Low carb chicken biriyani
July 16, 2020
Biriyani, usually a higher carbohydrate meal, gets a do-over when we substitute in cauliflower for the rice. The lentils remain, though the quantity is less, so the dish soaks up the curry and coconut flavours. To reduce calories and fat content, swap the wings for chicken thigh. Easy to make and plenty for leftovers. Serves 6. Per serve: Cal: 621; Fat: 47.9g; Pro: 33.7g; Carbs: 12.2g
Meal Type: Dinner
Recipe Type: LCHF
Prep time: 00:20
Cook time: 00:30
- 1 kilograms Chicken wings (2 lb 3.5 oz)
- 2 tablespoon Curry powder, Mild
- 1 teaspoon Salt, Himalayan
- 4 tablespoon Extra virgin olive oil
- thumb Ginger, Fresh
- 1 Onion, Large
- 0.5 Cauliflower, medium
- 1 cups Frozen spinach
- 400 milliliters Coconut milk (canned, preservative free) (13.5 oz (U.S.))
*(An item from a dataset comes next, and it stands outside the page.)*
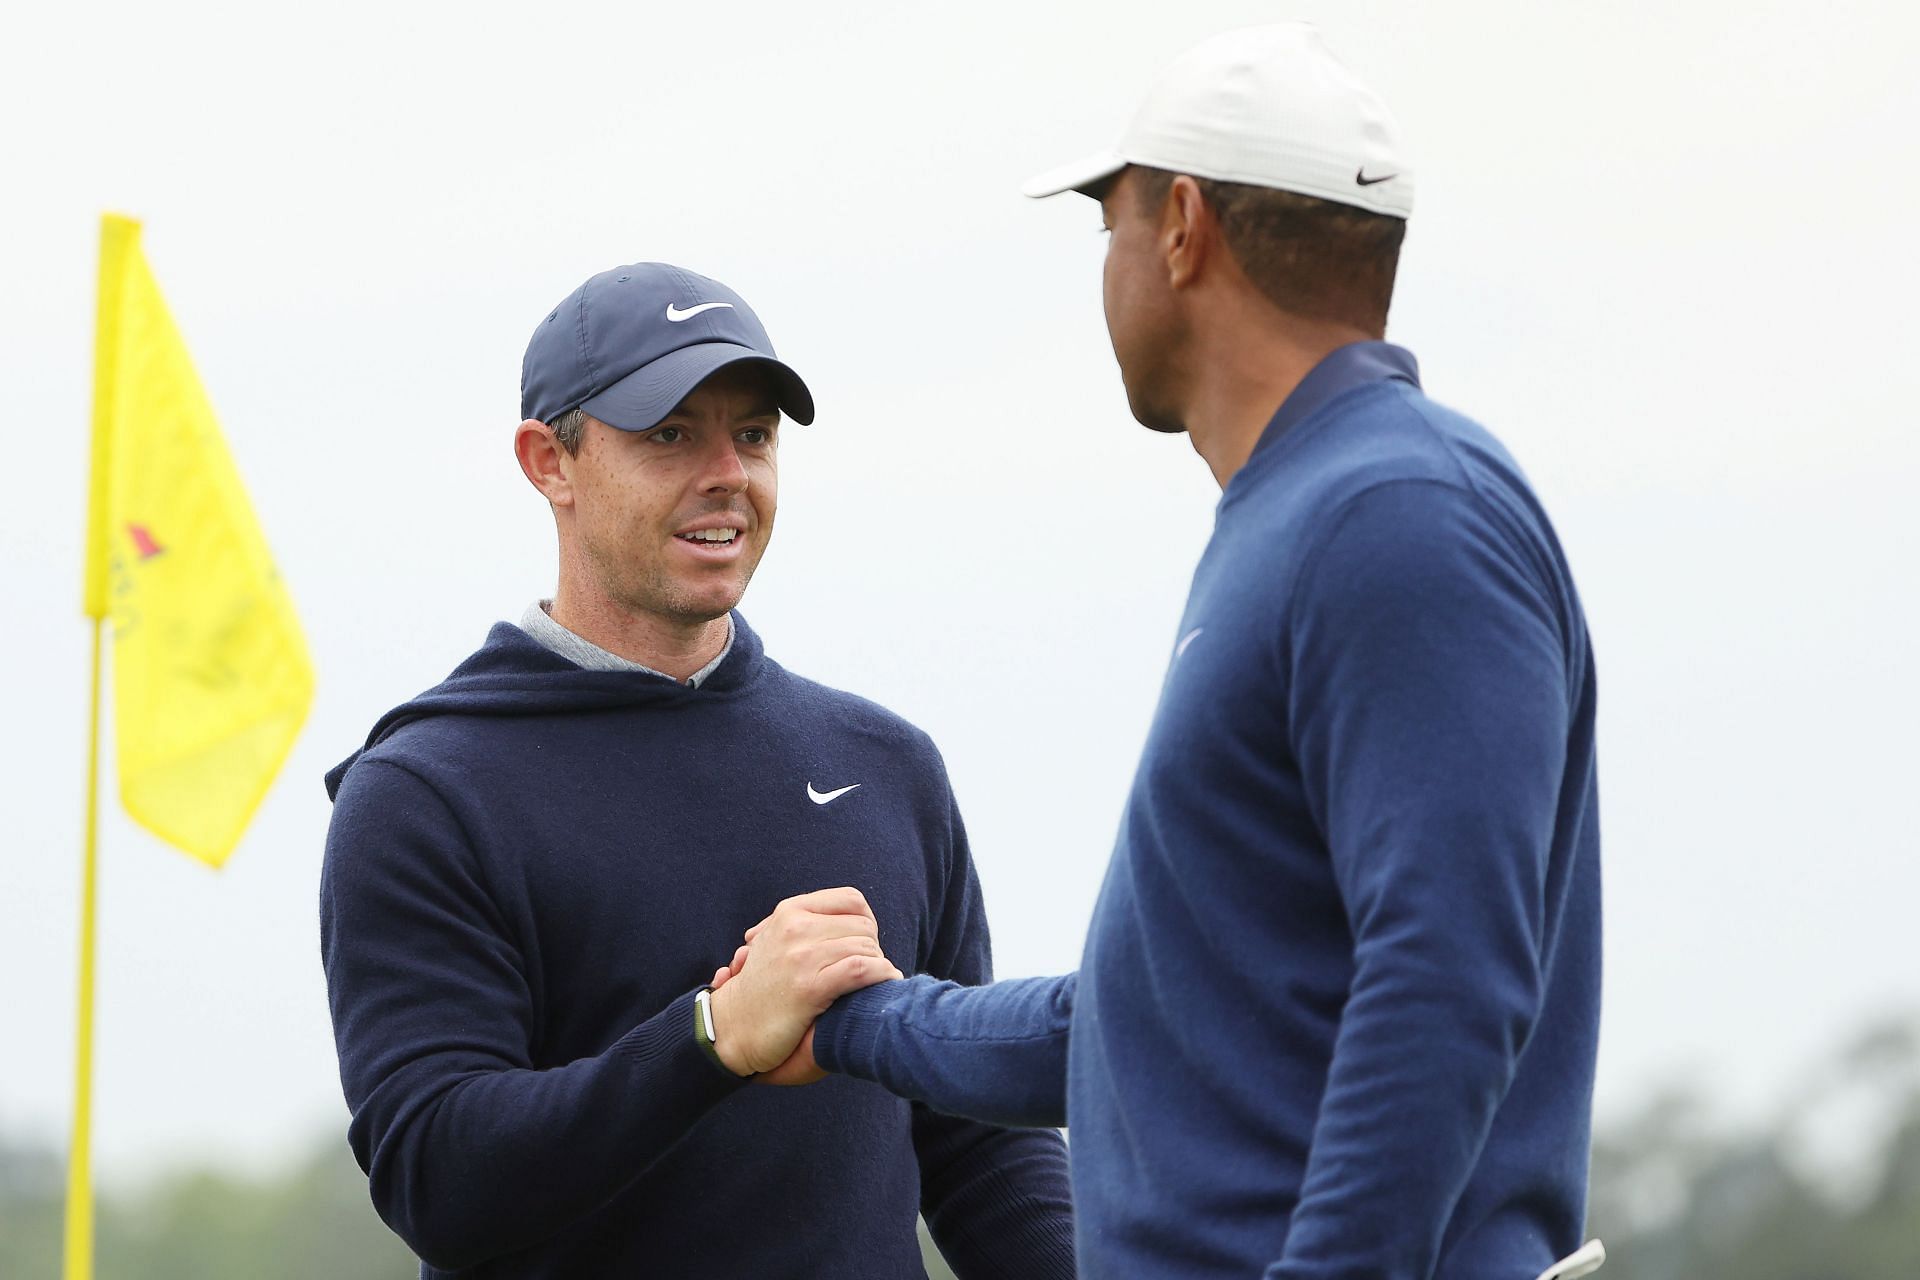 McIlroy and Woods, The Masters, 2023 - Preview Day 1 (Image via Getty).

- 2 tablespoon Red curry paste
- 250 milliliters Campbell's Real Chicken stock (8.5 oz (U.S.))
- 0.5 cups Red lentils
Toss chicken wings in 2 tbsp olive oil and curry powder and season with salt. Pop in fridge for at least a couple of hours.
Finely chop onion and ginger and rice the cauliflower.
Heat 2 tbsp olive oil in large oven proof fry pan and sear off the chicken wings so they are golden on the outside. Remove from heat and set aside.
Preheat oven to 180 degrees.
Pan fry the ginger and onion until soft, adding the frozen spinach. Add 2 tbsp of the curry paste and combine well. Add the can of coconut milk and cup of Campbell’s stock, mixing well. Add the cauliflower rice and lentils, mixing well before adding the chicken wings back in evenly.
Cover the fry pan and place in oven for 30 minutes or until cooked.
Serve with steamed greens on the side.